We will now create a comprehensive table comparing all the models we have implemented. We will look at Accuracy, Precision, Recall, and F1 Score. We will also list key training parameters.

In [19]:
from sklearn.metrics import precision_score, recall_score, f1_score

# Dictionary of models and their predictions
models_results = [
    ("Logistic Regression", log_reg, y_pred_log),
    ("Decision Tree", tree, y_pred_tree),
    ("SVM", svm, y_pred_svm),
    ("Random Forest", rf, y_pred_rf),
    ("Naive Bayes", nb, y_pred_nb),
    ("Neural Network", nn, y_pred_nn),
    ("Reinforcement Learning (Simple)", rl_agent, y_pred_rl),
    ("Genetic Algorithm (Feature Sel.)", ga_model, y_pred_ga)
]

results_data = []

for name, model, y_pred in models_results:
    acc = accuracy_score(y_test, y_pred)
    prec = precision_score(y_test, y_pred, average='weighted')
    rec = recall_score(y_test, y_pred, average='weighted')
    f1 = f1_score(y_test, y_pred, average='weighted')
    
    # Extract key parameters
    params = model.get_params()
    if "Logistic" in name:
        key_params = f"C={params.get('C')}, solver={params.get('solver')}"
    elif "Decision Tree" in name:
        key_params = f"criterion={params.get('criterion')}, max_depth={params.get('max_depth')}"
    elif "SVM" in name:
        key_params = f"C={params.get('C')}, kernel={params.get('kernel')}"
    elif "Random Forest" in name:
        key_params = f"n_estimators={params.get('n_estimators')}"
    elif "Naive Bayes" in name:
        key_params = f"var_smoothing={params.get('var_smoothing')}"
    elif "Neural Network" in name:
        key_params = f"hidden_layer_sizes={params.get('hidden_layer_sizes')}, activation={params.get('activation')}"
    elif "Reinforcement" in name:
        key_params = f"lr={params.get('learning_rate')}, iter={params.get('n_iterations')}"
    elif "Genetic" in name:
        key_params = f"gens={params.get('n_generations')}, pop={params.get('pop_size')}"
    else:
        key_params = "N/A"

    results_data.append({
        "Model": name,
        "Accuracy": acc,
        "Precision": prec,
        "Recall": rec,
        "F1 Score": f1,
        "Data Scanned (Rows)": len(X),
        "Key Training Params": key_params
    })

results_df = pd.DataFrame(results_data)

# Display the table
results_df

  _warn_prf(average, modifier, f"{metric.capitalize()} is", result.shape[0])

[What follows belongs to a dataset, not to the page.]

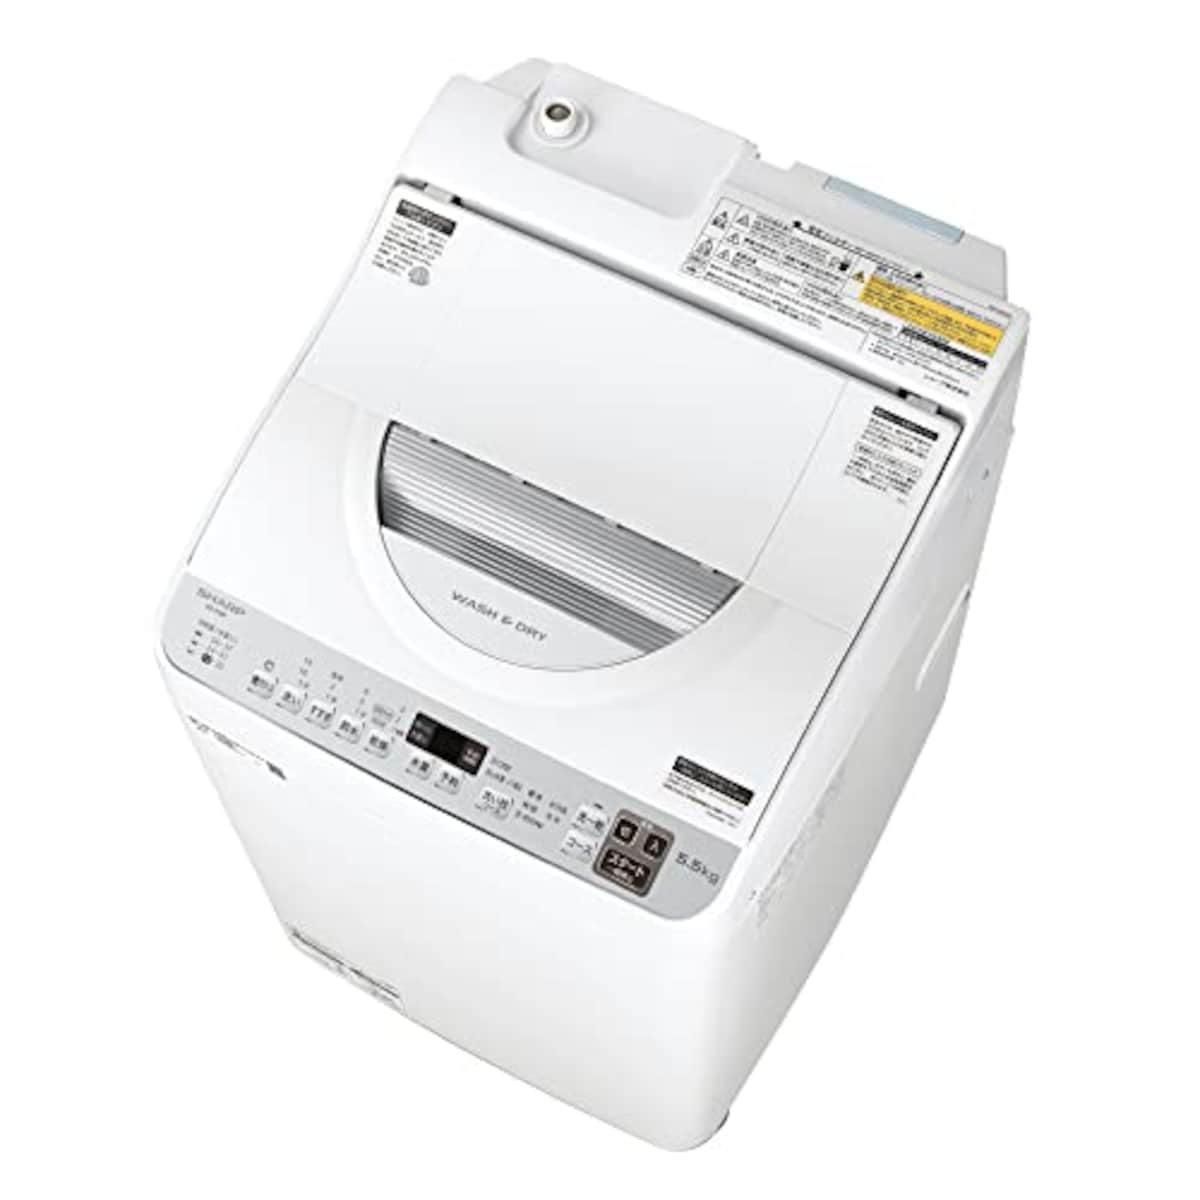 タテ型洗濯乾燥機 5.5kg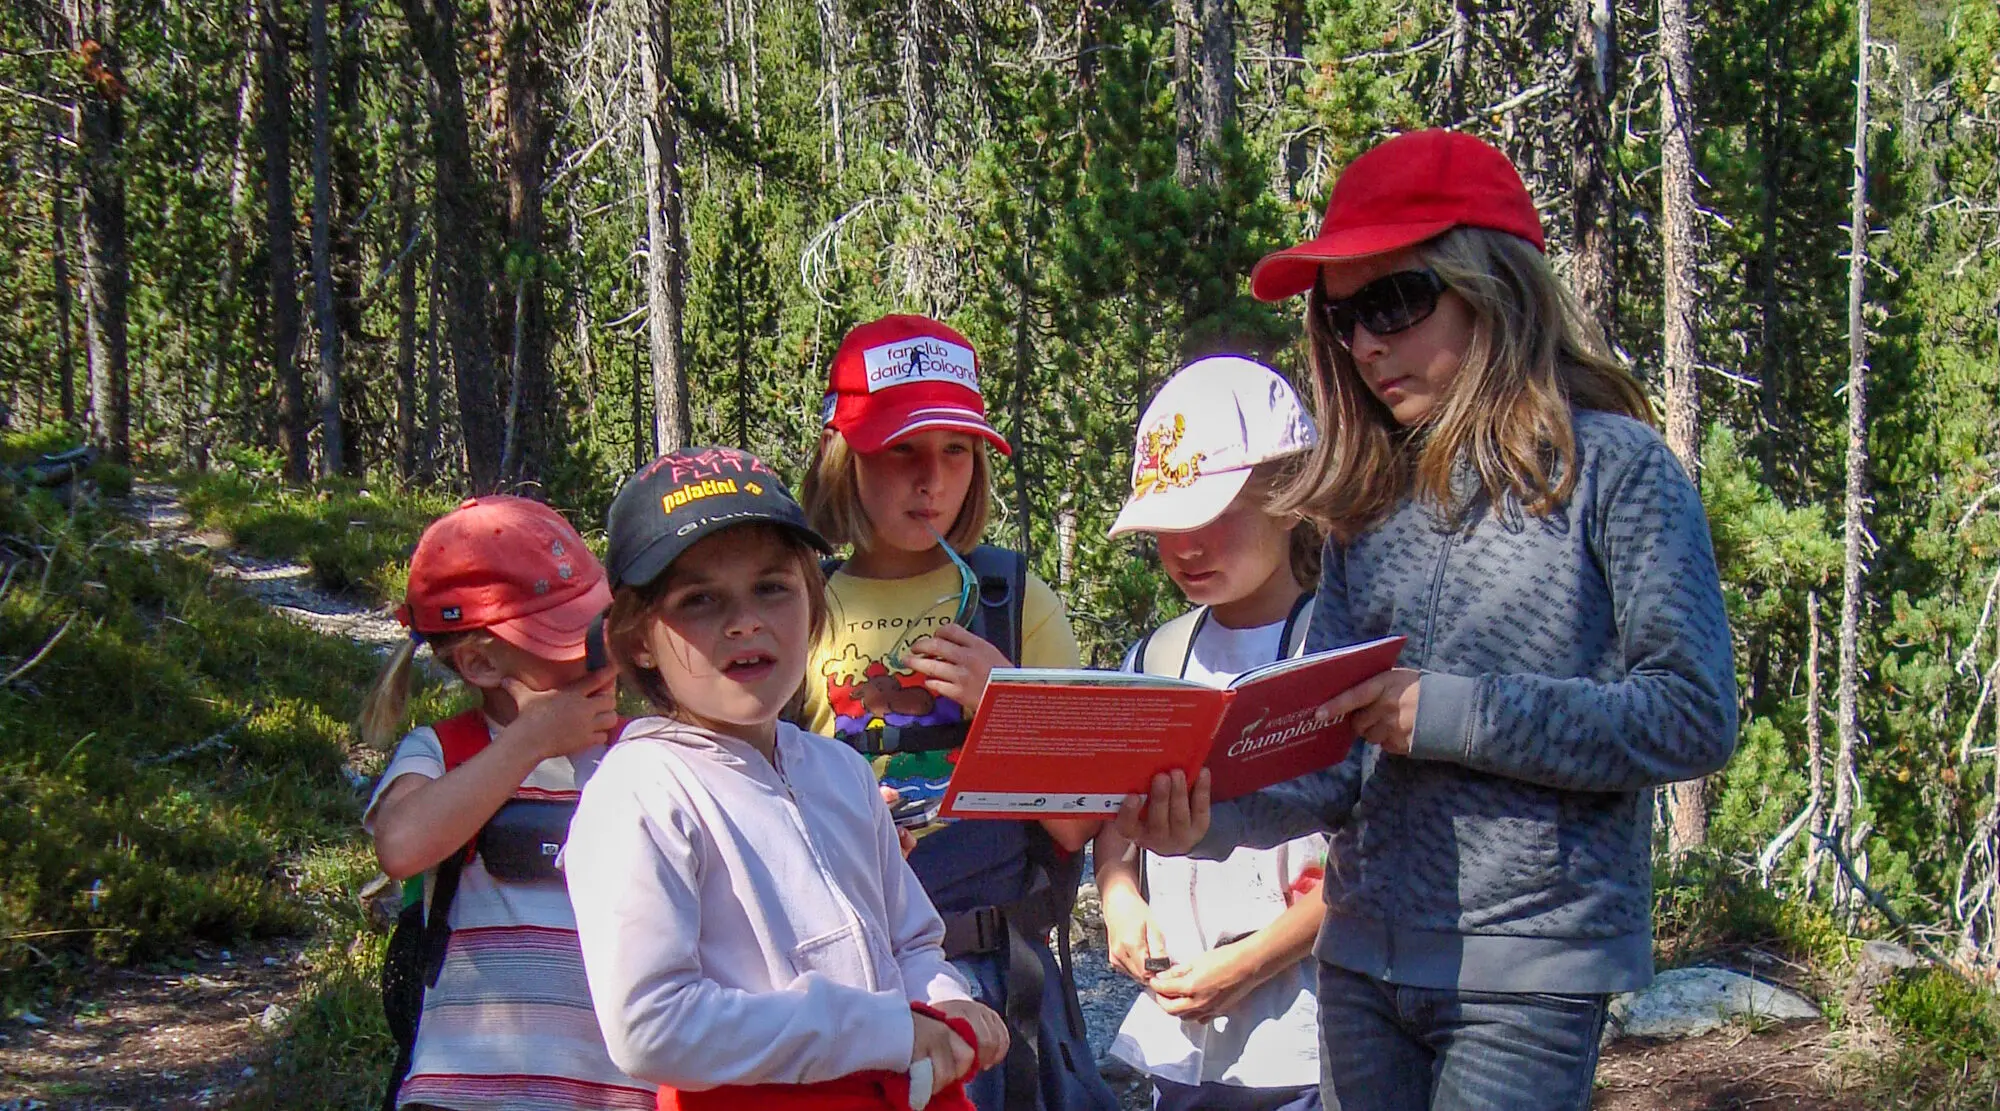 Kindergruppe studiert im Wald das Bilderbuch "Champlönch"

Unnamed: 0,Model,Accuracy,Precision,Recall,F1 Score,Data Scanned (Rows),Key Training Params
0,Logistic Regression,0.95614,0.956905,0.95614,0.955801,569,"C=1.0, solver=lbfgs"
1,Decision Tree,0.947368,0.947368,0.947368,0.947368,569,"criterion=gini, max_depth=None"
2,SVM,0.947368,0.95147,0.947368,0.946462,569,"C=1.0, kernel=rbf"
3,Random Forest,0.964912,0.965205,0.964912,0.964738,569,n_estimators=100
4,Naive Bayes,0.973684,0.974751,0.973684,0.973481,569,var_smoothing=1e-09
5,Neural Network,0.938596,0.944107,0.938596,0.937318,569,"hidden_layer_sizes=(100,), activation=relu"
6,Reinforcement Learning (Simple),0.377193,0.142275,0.377193,0.206615,569,"lr=0.01, iter=50"
7,Genetic Algorithm (Feature Sel.),0.991228,0.99135,0.991228,0.991207,569,"gens=5, pop=10"


## Conclusion

In this activity, you successfully implemented a wide range of classification and optimization models using Python. You started with fundamental models like **Logistic Regression**, **Decision Trees**, and **SVMs**, and progressed to more advanced techniques including **Random Forests**, **Naive Bayes**, and **Neural Networks**.

Furthermore, you explored how **Reinforcement Learning** concepts can be applied to classification, used **Genetic Algorithms** for feature selection, and learned about the theoretical foundations of **Bayesian Networks** and **Markov Decision Processes**.

By training, evaluating, and comparing these diverse models, you gained a comprehensive understanding of the machine learning landscape and how different algorithms approach the task of classification.